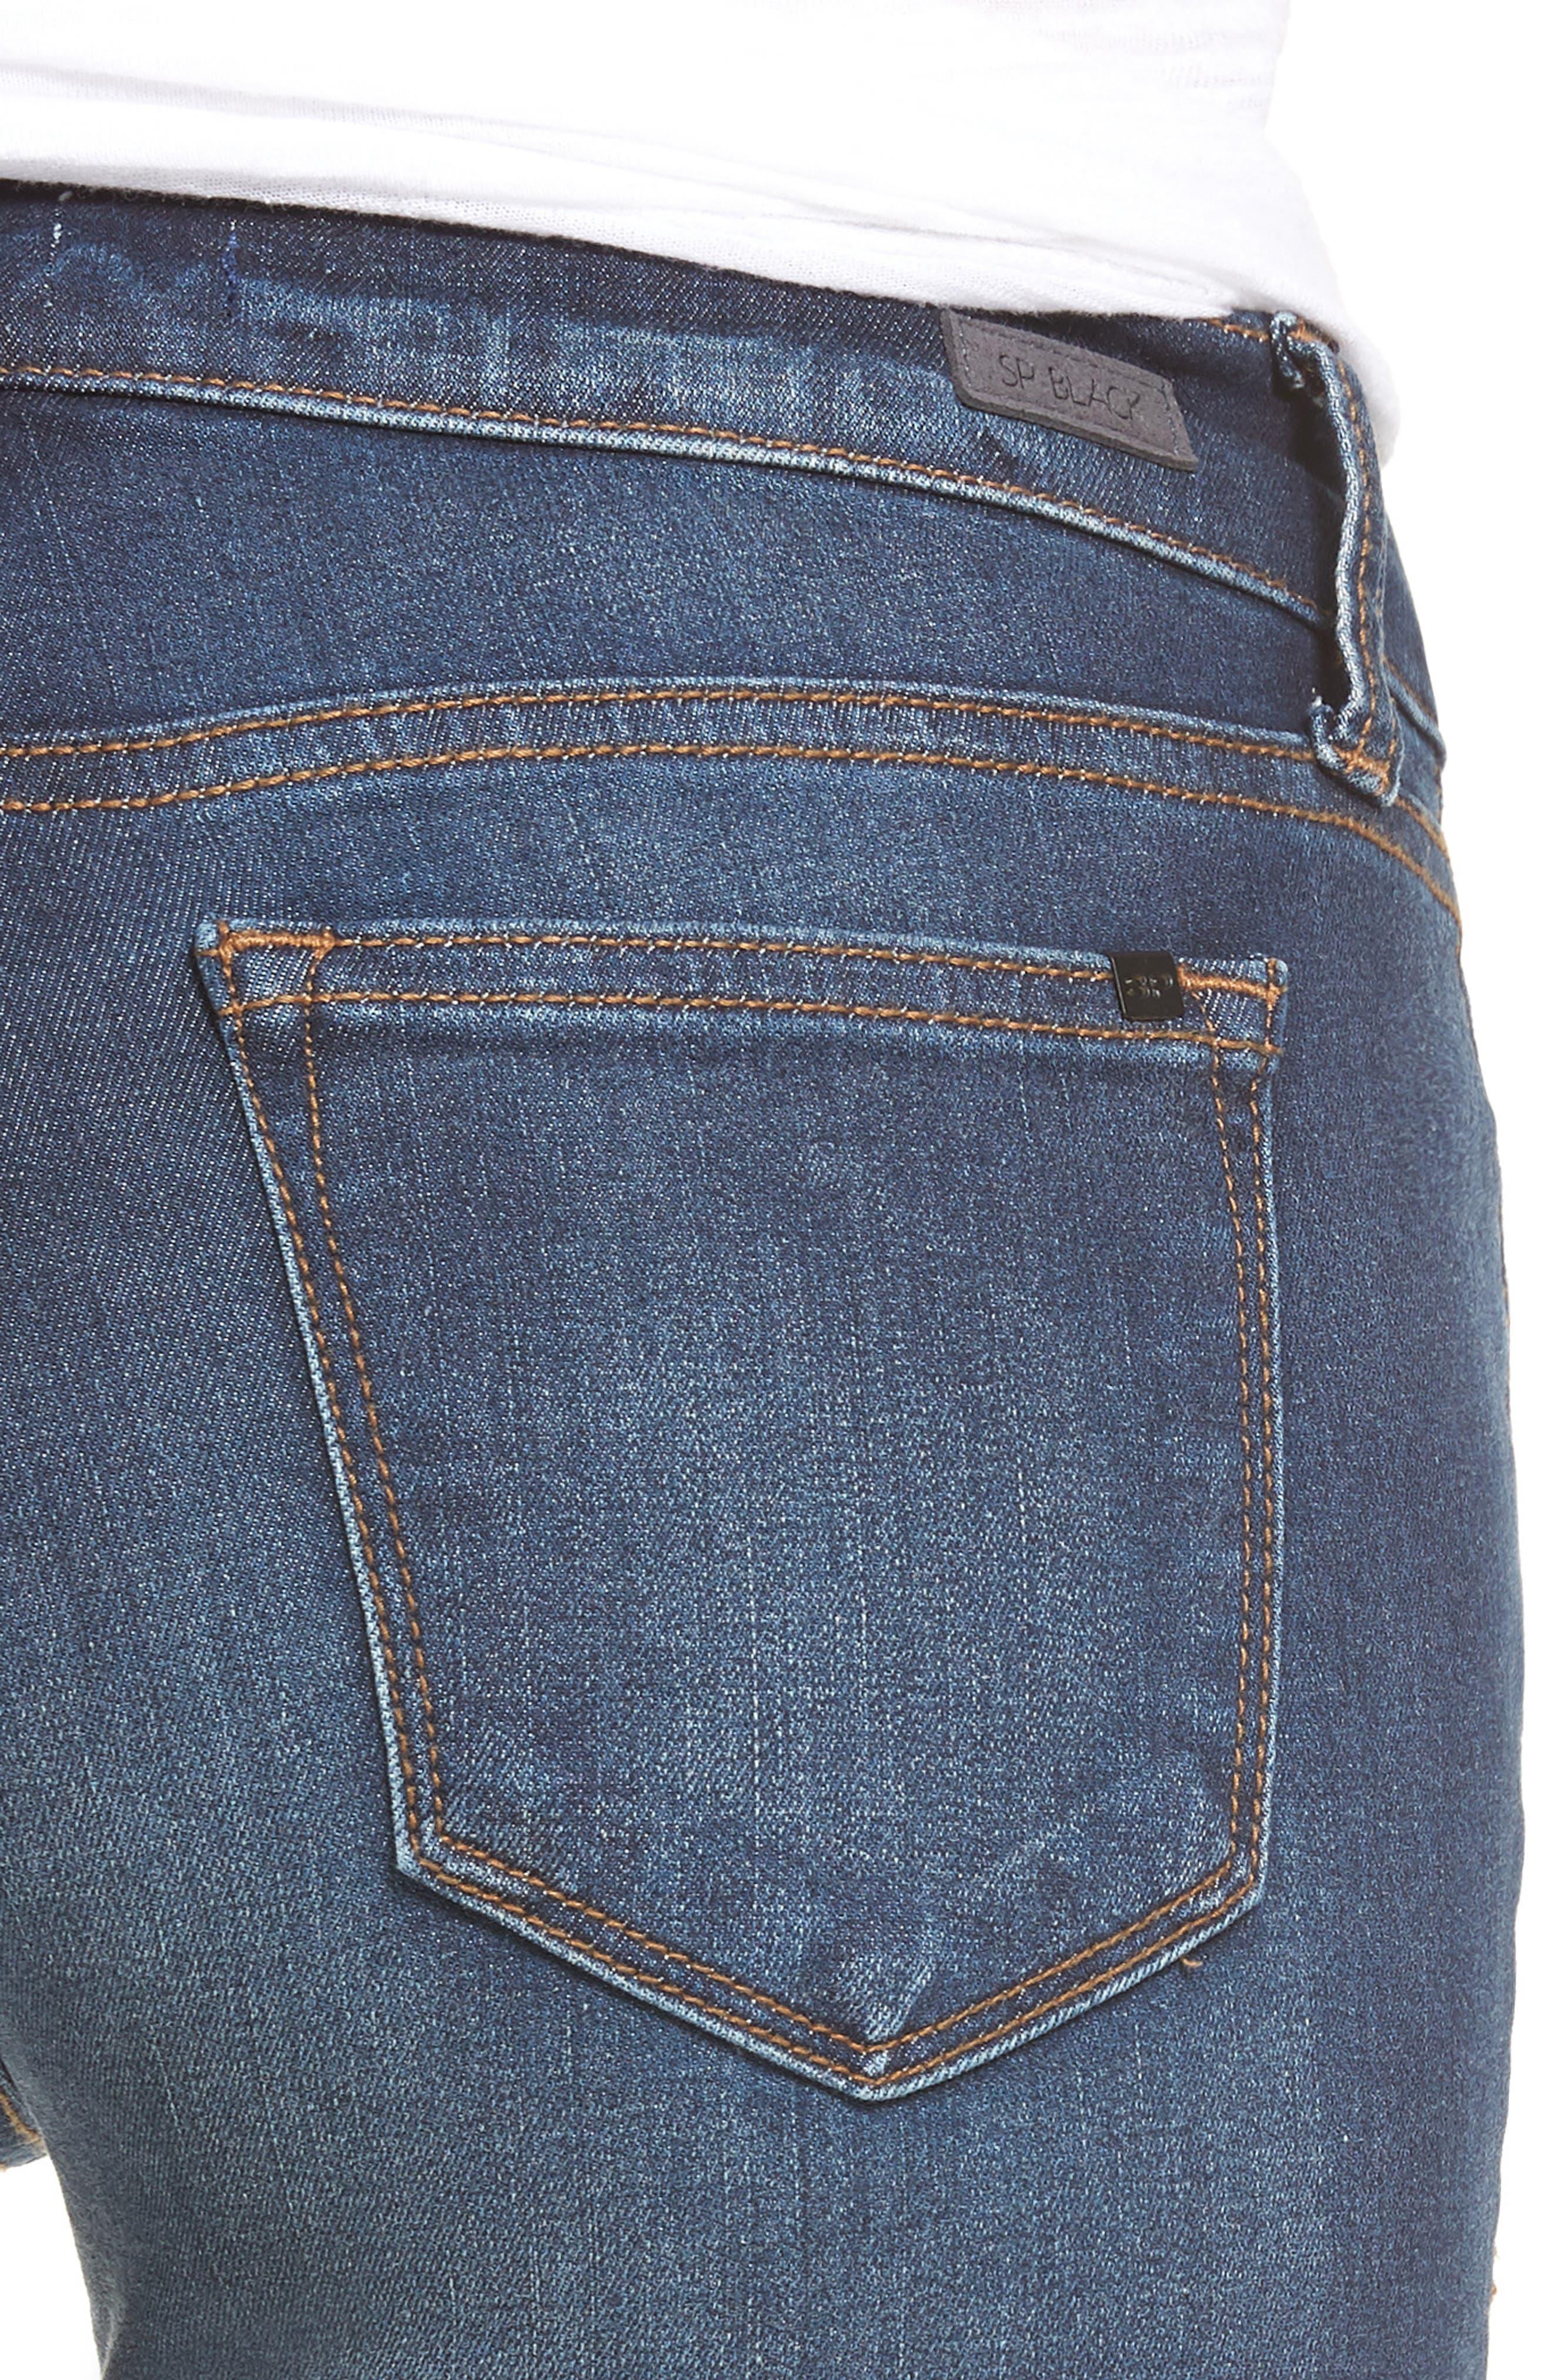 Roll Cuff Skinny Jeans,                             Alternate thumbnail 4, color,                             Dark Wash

----------

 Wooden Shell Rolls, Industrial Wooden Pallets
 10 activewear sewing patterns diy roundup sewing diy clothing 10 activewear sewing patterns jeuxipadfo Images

----------

▶ [Work instructions]
Once you find the line with "Wooden Shell Rolls, Industrial" above, print it and every line after it up to and including the line with "10 activewear sewing patterns diy", exactly as written and nothing else.

▶ [Answer below]
 Wooden Shell Rolls, Industrial Wooden Pallets
 10 activewear sewing patterns diy roundup sewing diy clothing 10 activewear sewing patterns jeuxipadfo Images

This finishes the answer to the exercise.